The ever-changing nature of tumours is one of the biggest challenges in treating cancer. If doctors could predict how a tumour will evolve, however, they could alter the treatment before the tumour has a chance to adapt and develop resistance, thereby increasing the patient’s chances of survival.
With this aim, a research team led by scientists at The Institute of Cancer Research (ICR) and the University of Edinburgh has used artificial intelligence to predict how cancers will progress and evolve – enabling doctors to personalize treatment at an earlier stage than is currently possible.
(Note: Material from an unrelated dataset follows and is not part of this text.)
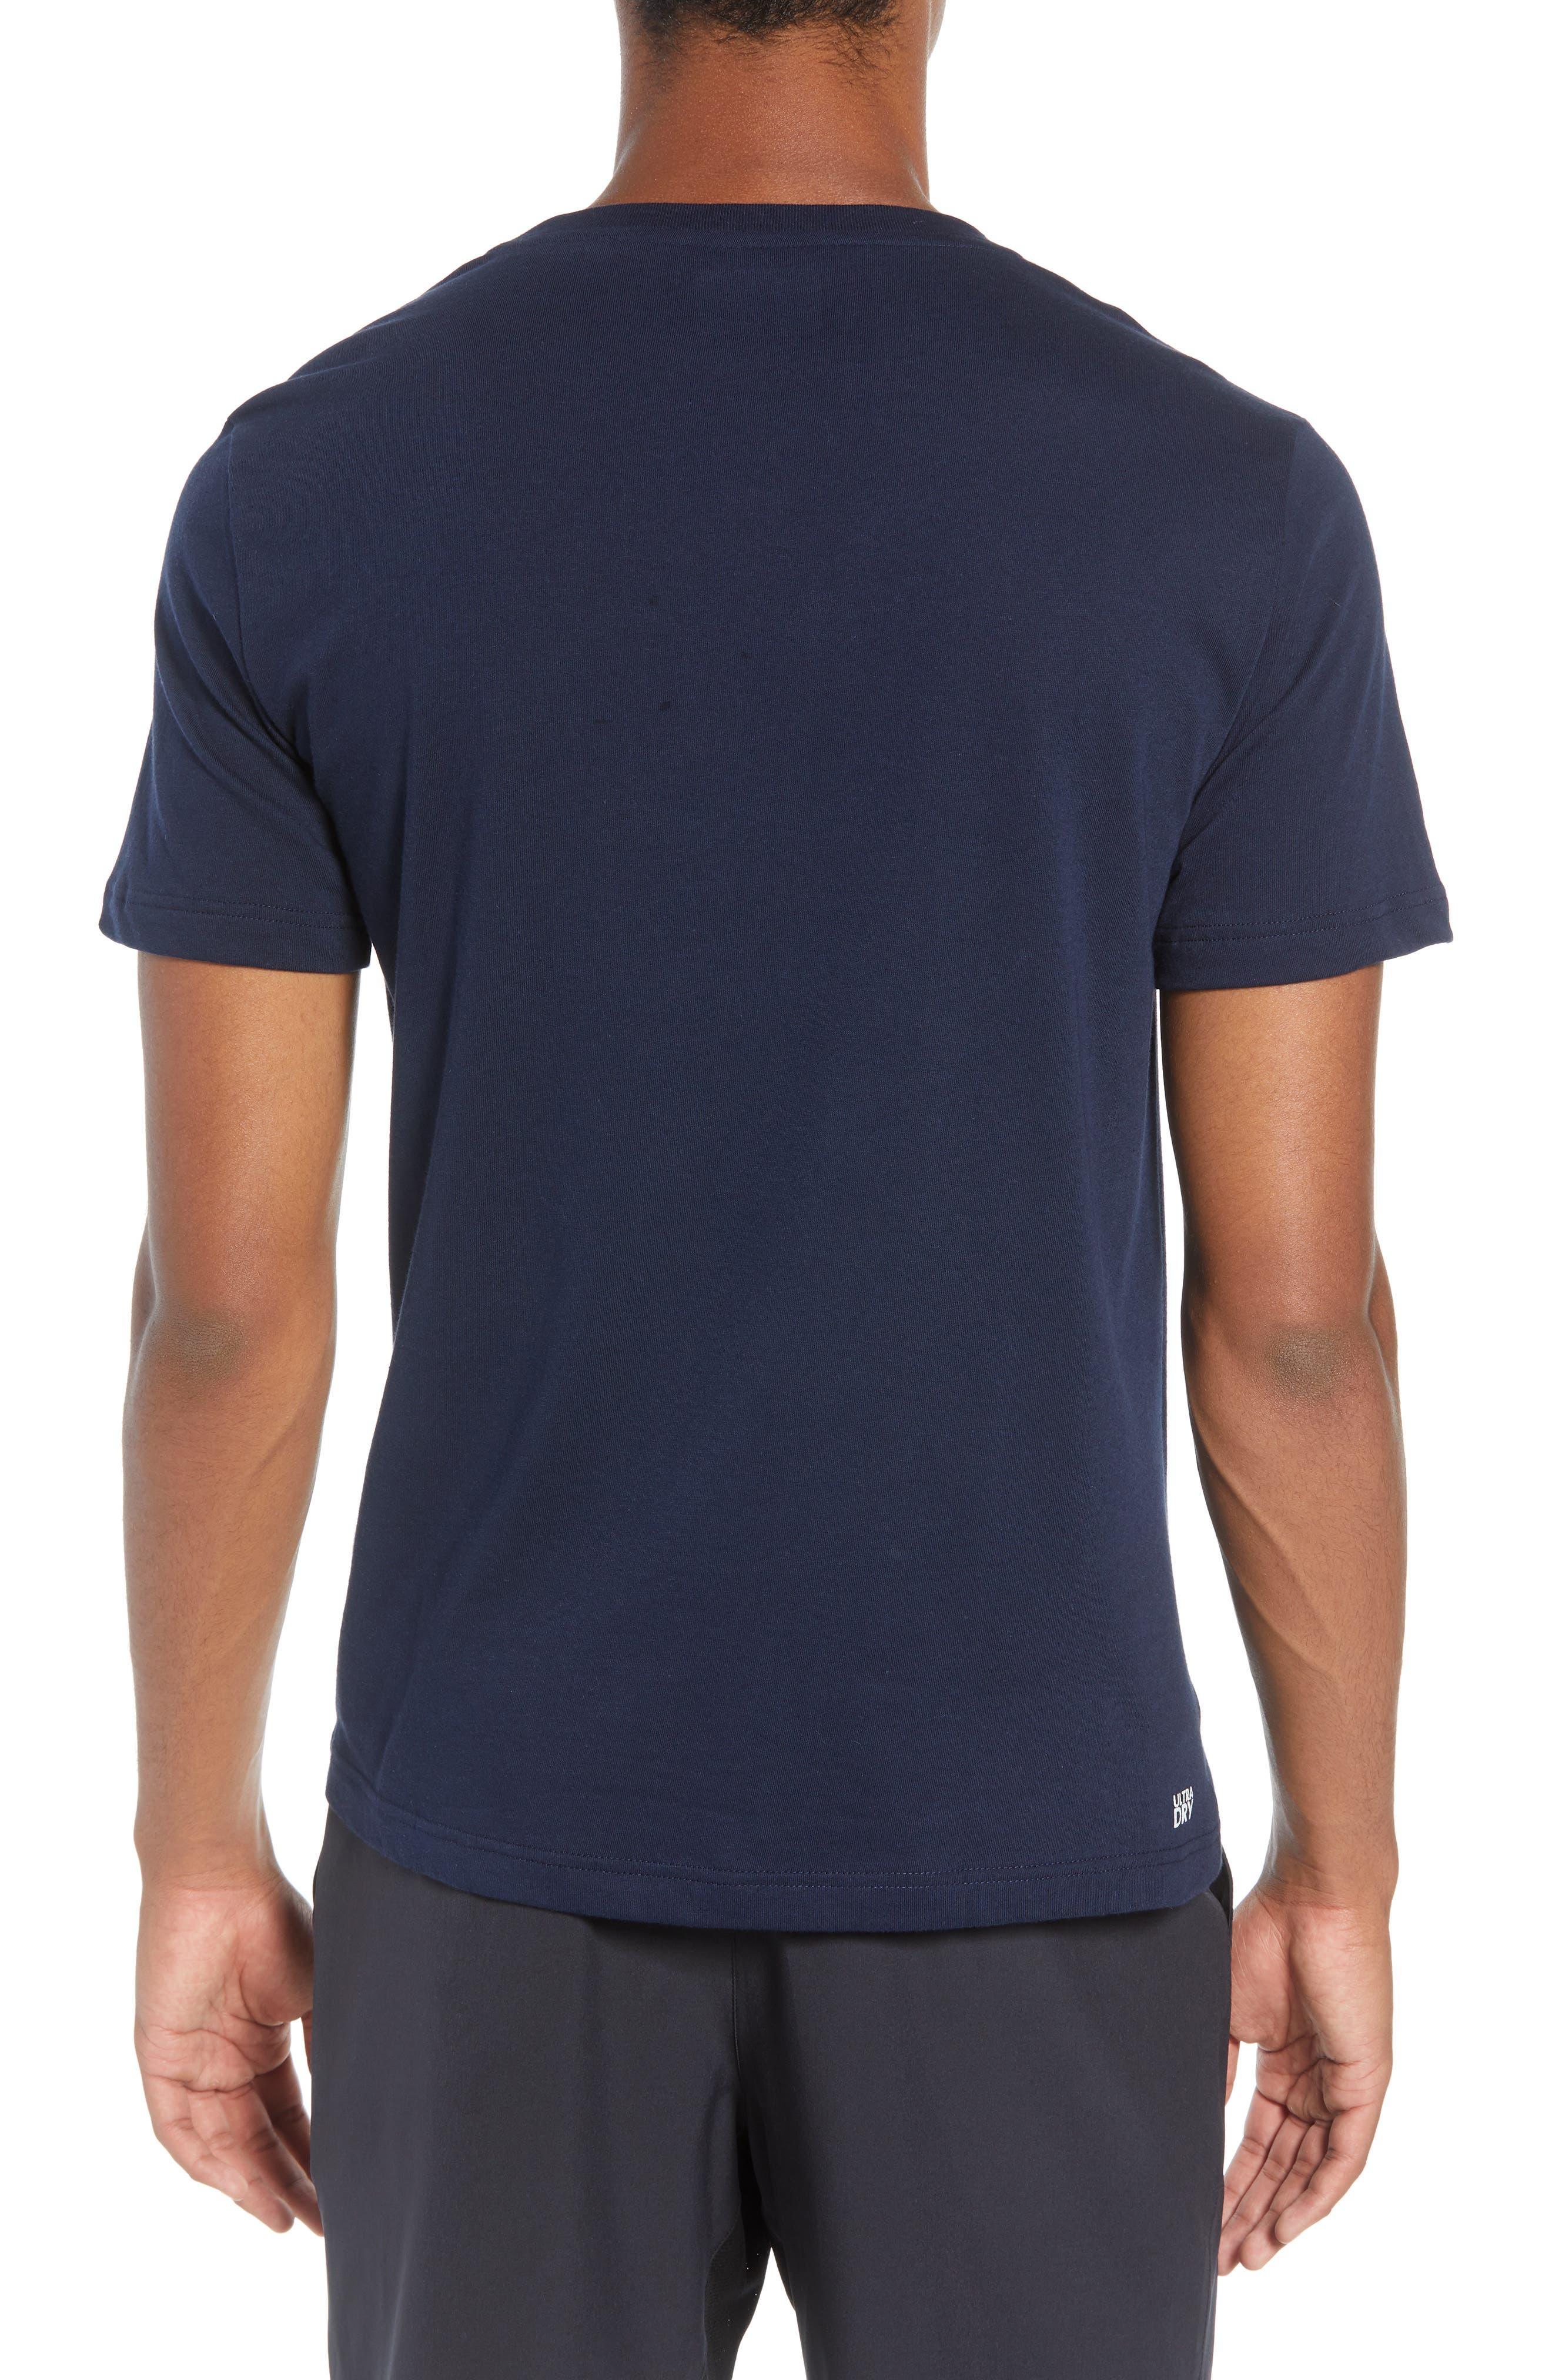 Tech Jersey Regular Fit Tee,                             Alternate thumbnail 2, color,                             NAVY BLUE/ WHITE

They developed a technique called REVOLVER (repeated evolution of cancer), which picks out patterns in DNA mutation within cancers and uses this information to forecast future genetic changes (Nature Methods 15 707).
“We’ve developed a powerful artificial intelligence tool that can make predictions about the future steps in the evolution of tumours based on certain patterns of mutation that have so far remained hidden within complex data sets,” explains study leader Andrea Sottoriva from the ICR. “With this tool, we hope to remove one of cancer’s trump cards – the fact that it evolves unpredictably, without us knowing what is going to happen next.”
The researchers also found links between certain sequences of repeated tumour mutations and survival outcome. For example, breast tumours with a sequence of errors in the genetic material that codes for the tumour-suppressing protein p53, followed by mutations in chromosome 8, survived less time than those with other similar trajectories of genetic changes. This suggests that repeating patterns of DNA mutations could be used as an indicator of prognosis, helping to shape future treatment.
Sottoriva and colleagues developed a machine learning technique that transfers knowledge about tumours across similar patients. The method identifies patterns in the order in which genetic mutations occur that are repeated both within and between patients’ tumours, applying one tumour’s pattern of mutations to predict another’s.
They examined datasets from lung, breast, renal and colorectal cancer (768 samples from 178 patients), and analysed each cancer type to detect and compare genomic changes in each tumour. By identifying repeating patterns and combining this with current knowledge of cancer biology and evolution, the scientists could predict the future trajectory of tumour development.
If tumours with certain patterns are found to develop resistance to a particular treatment, this technique could be used to predict whether patients will develop resistance in the future.
“This study shows how collaboration across disciplines adds value to research. By solving a statistical machine learning problem, we were able to shed light on cancer evolution,” says joint study leader Guido Sanguinetti from the University of Edinburgh’s School of Informatics. “It is an example of how the power of artificial intelligence to detect complex patterns in data can be harnessed to further our scientific understanding to improve human health.”